Illustration by Kat Morgan

He must have known he would pass the men, because he’d been on this stretch of Salsipuedes before. He’d driven through this part of Ventana Beach two years earlier when he was visiting his mother for Christmas. That time, he was looking for a place called Corazón Cocina that sold enchiladas with rice and beans for ten bucks a plate, and he turned left on Zapatero instead of Torreón. Three blocks later, after pulling into the parking lot of a Jack in the Box to get his bearings, he passed the men—a dozen guys standing on the corner across the street from a place called Churros Calientes, next to a red truck with a large wooden sign displaying handwritten prices for things like Glovos Especiales and Manteles. At first, he wondered what the men were doing, which was stupid if you thought about it, because what else would they be doing but waiting for work, hoping some gringo would drive by looking for a day laborer to mow grass or paint a shed or chainsaw a tree that had fallen in a chingadera’s driveway. 

It was pretty obvious the men weren’t cruising, but seeing them there in that desolate part of town, away from the restaurants with scallops and haricots verts, and the stores that sold couches for $5,000 and handmade glassware from Italy, sent a current through Stewart’s groin, because whenever he was home visiting his mother it didn’t take long for him to feel like a caged animal, catering to her whims, managing her mood swings, doing his best to seem devoted and appreciative and loving. 

Stewart was forty-three years old and had a 401(k). He’d lived in New York for over two decades, but when he flew to California to visit his mother once a year, he was a child again, or if not a child, a teenager.
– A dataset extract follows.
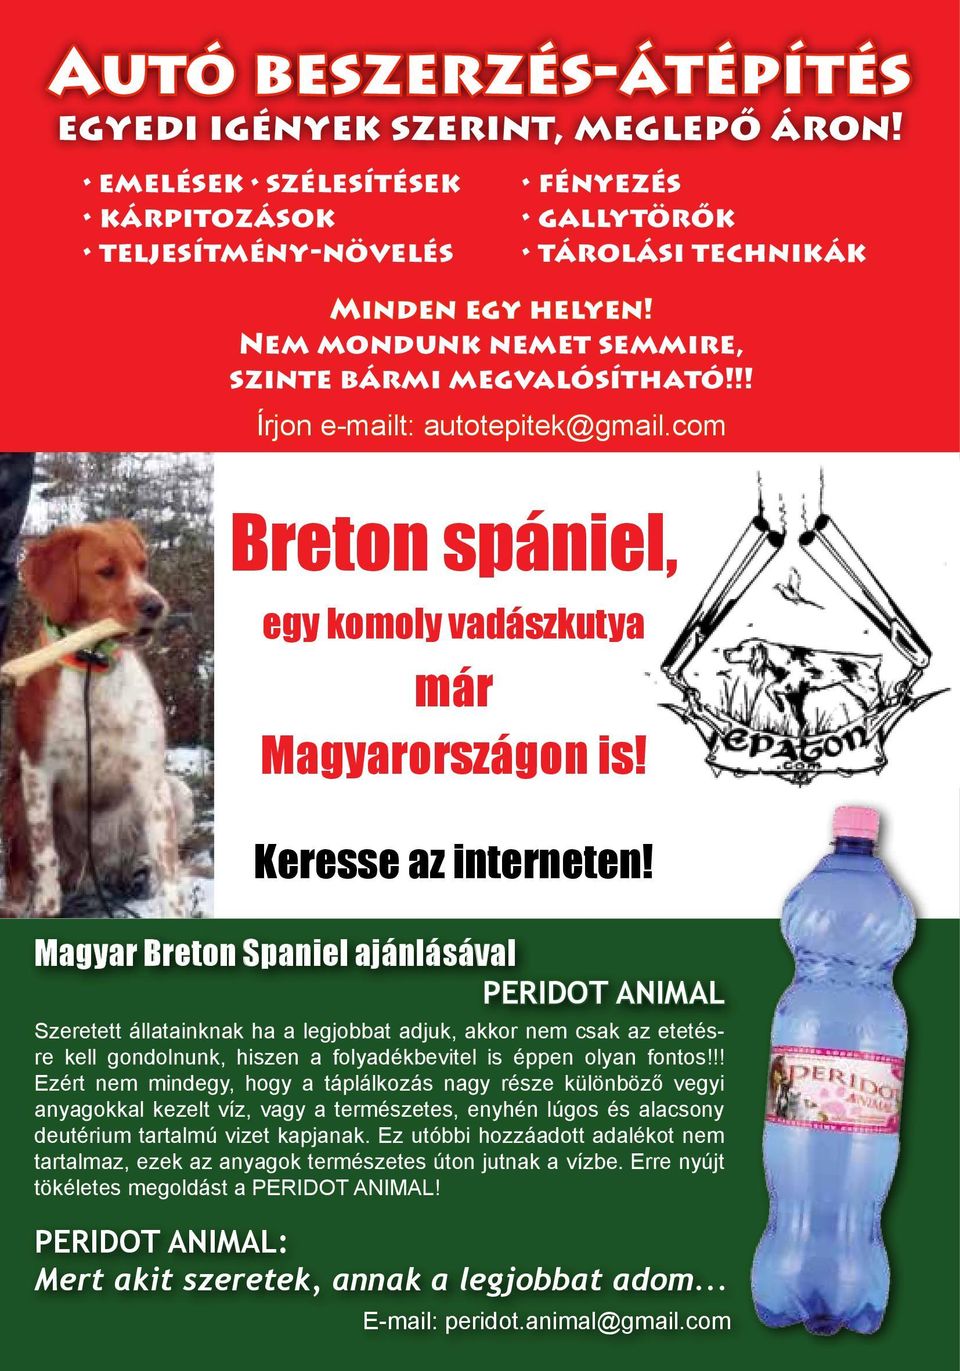 Magyar Breton Spaniel ajánlásával PERIDOT ANIMAL Szeretett állatainknak ha a legjobbat adjuk, akkor nem csak az etetésre kell gondolnunk, hiszen a folyadékbevitel is éppen olyan fontos!
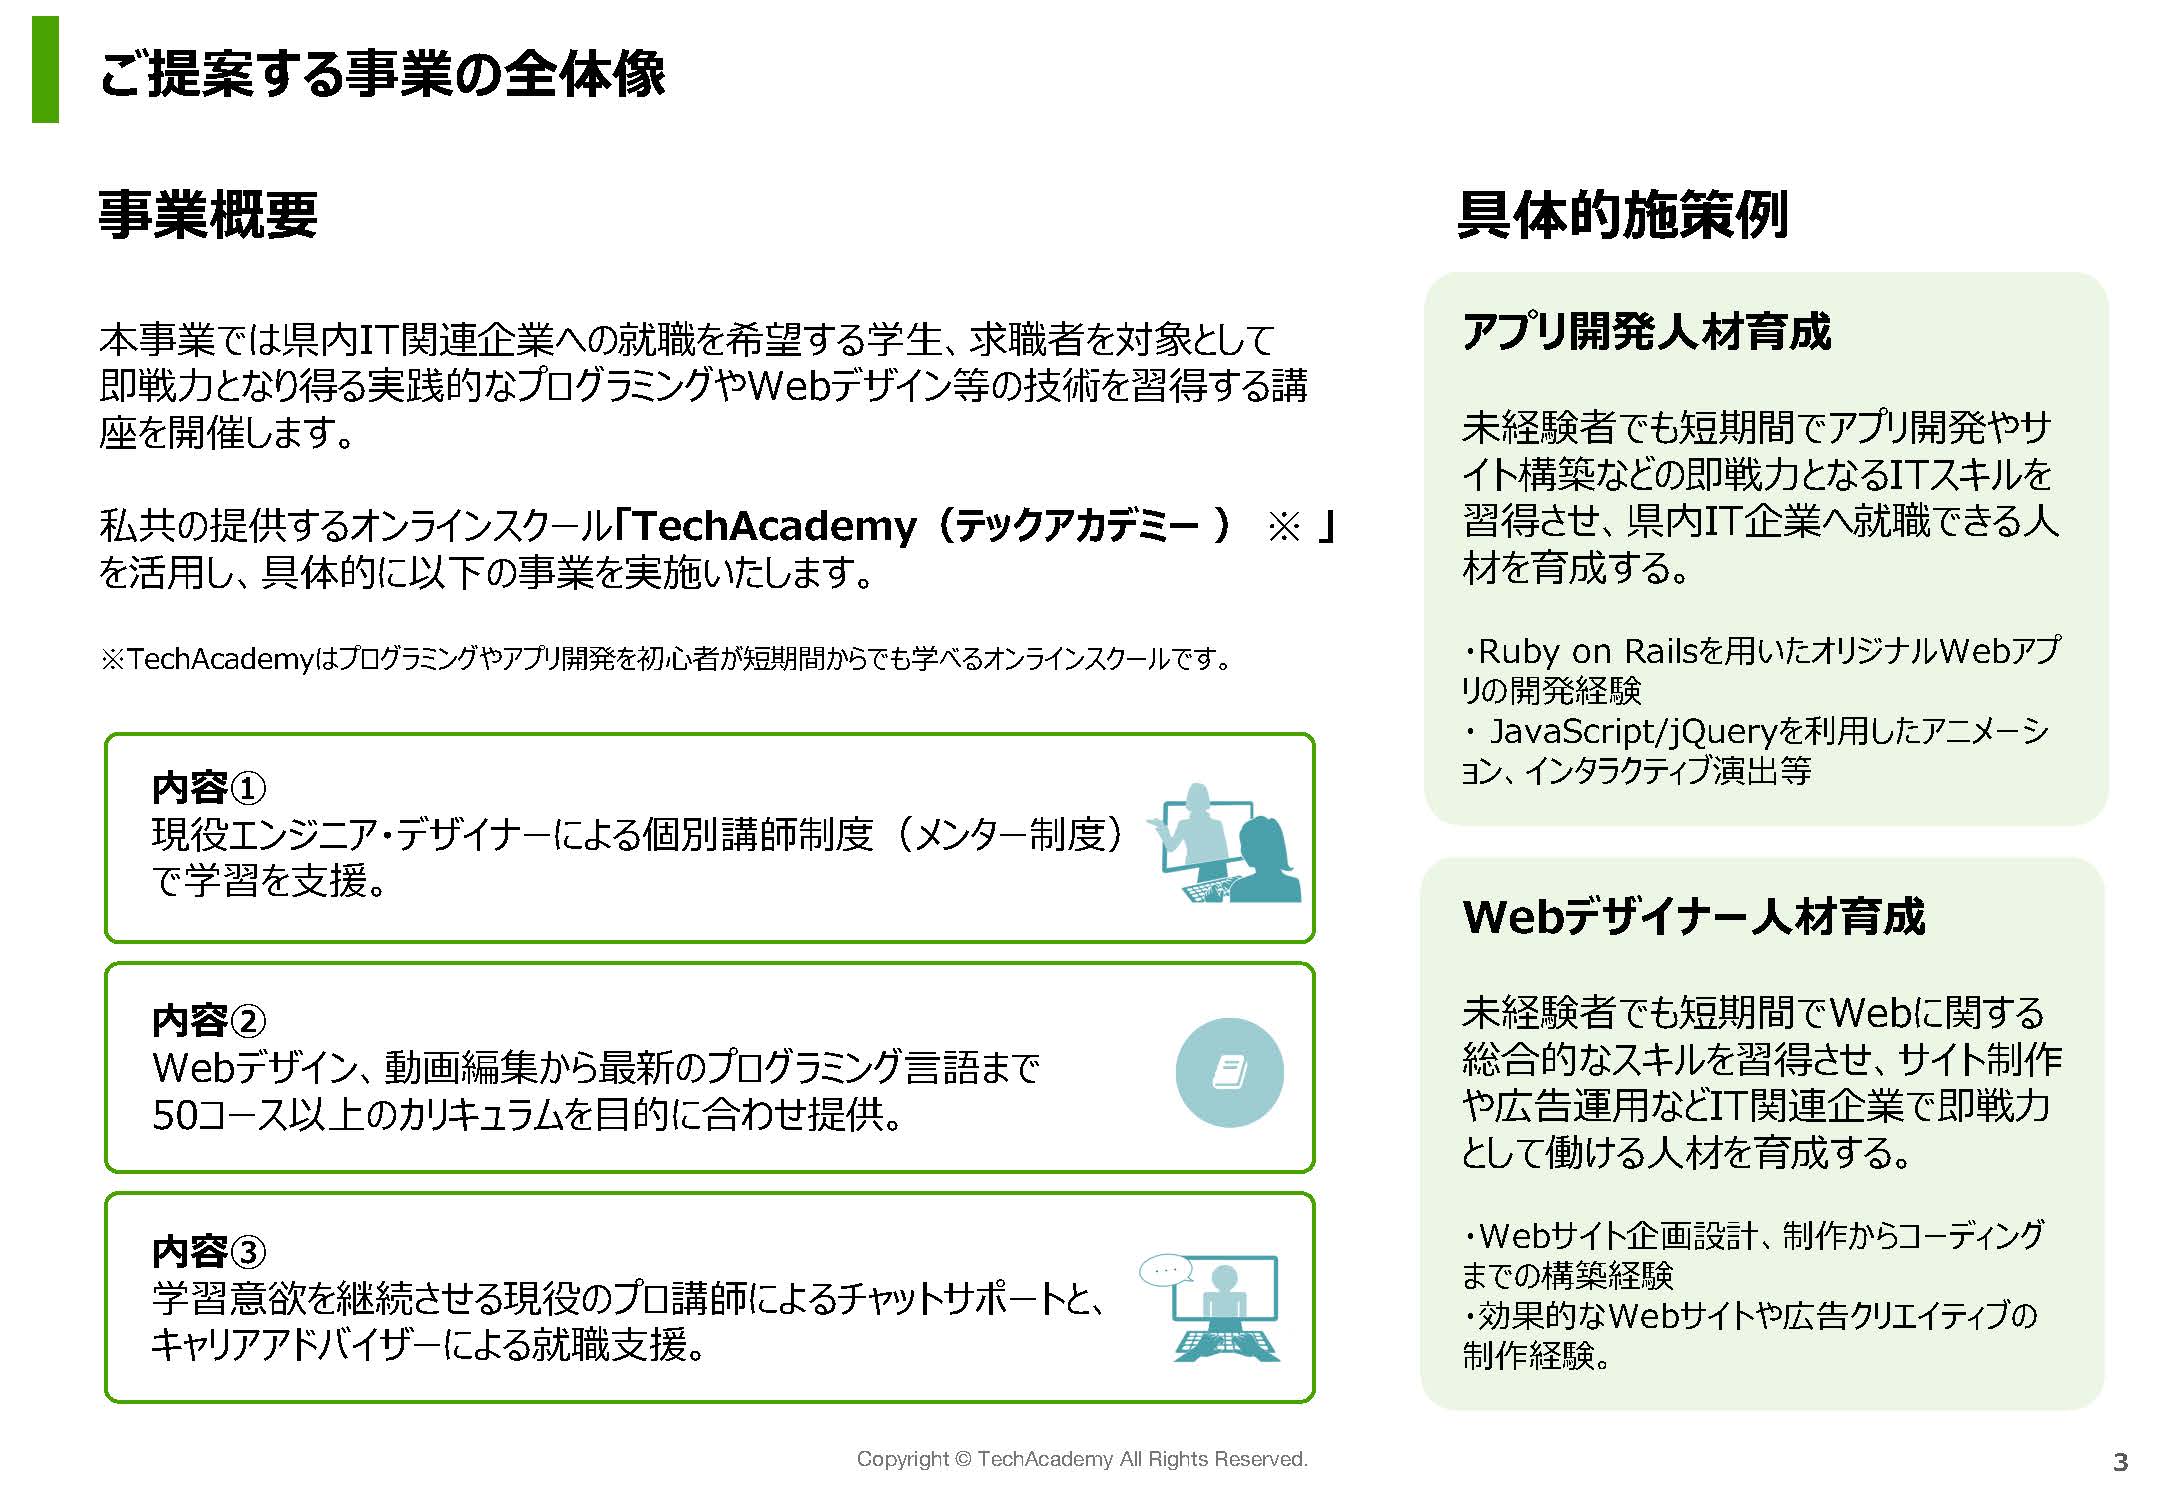 【自治体様向け】TechAcademy提案書.v1_ページ_03.jpg

His mother prodded him to eat foods he hated, came into his bedroom unannounced when he was trying to sleep, told him she loved him and needed him and wished he’d move back to live with her. “I have no idea what you see in that dirty city of yours,” she complained. “I’m an old woman. I’m all alone. I need you here with me.”

This year, because he’d been fired from his position as a senior paralegal and was now unemployed, Heike paid for his plane ticket, though that offer had come with certain conditions. “You always cut me so short,” she said on the phone when they were negotiating the length of his visit. “Stay with me for a while. Why rush back right away? I promise to leave you alone. I let you do your own thing.”

There was the customary haggling, and in the end she prevailed, and he booked a ticket from December 19 to January 9. Once he arrived in California, however, it didn’t take long for him to realize he’d made a mistake. It hit him at church on Christmas Eve, when the pastor was talking about the birth of Jesus and God’s love for the world, and Heike reached out to hold Stewart’s hand. He hadn’t meant to pull away, but he did, and she burst into tears. She riffled through her handbag for a Kleenex, and he felt the eyes of everyone behind him watching them. He hated it when his mother cried, especially in public. She cried constantly—at the movies, when they were looking at old photo albums together, when they went for walks on the beach (most recently, that morning when she asked him what she’d done to make him hate her so much). 

As soon as she posed the question, he inhaled and counted to three. “I don’t hate you,” he replied. 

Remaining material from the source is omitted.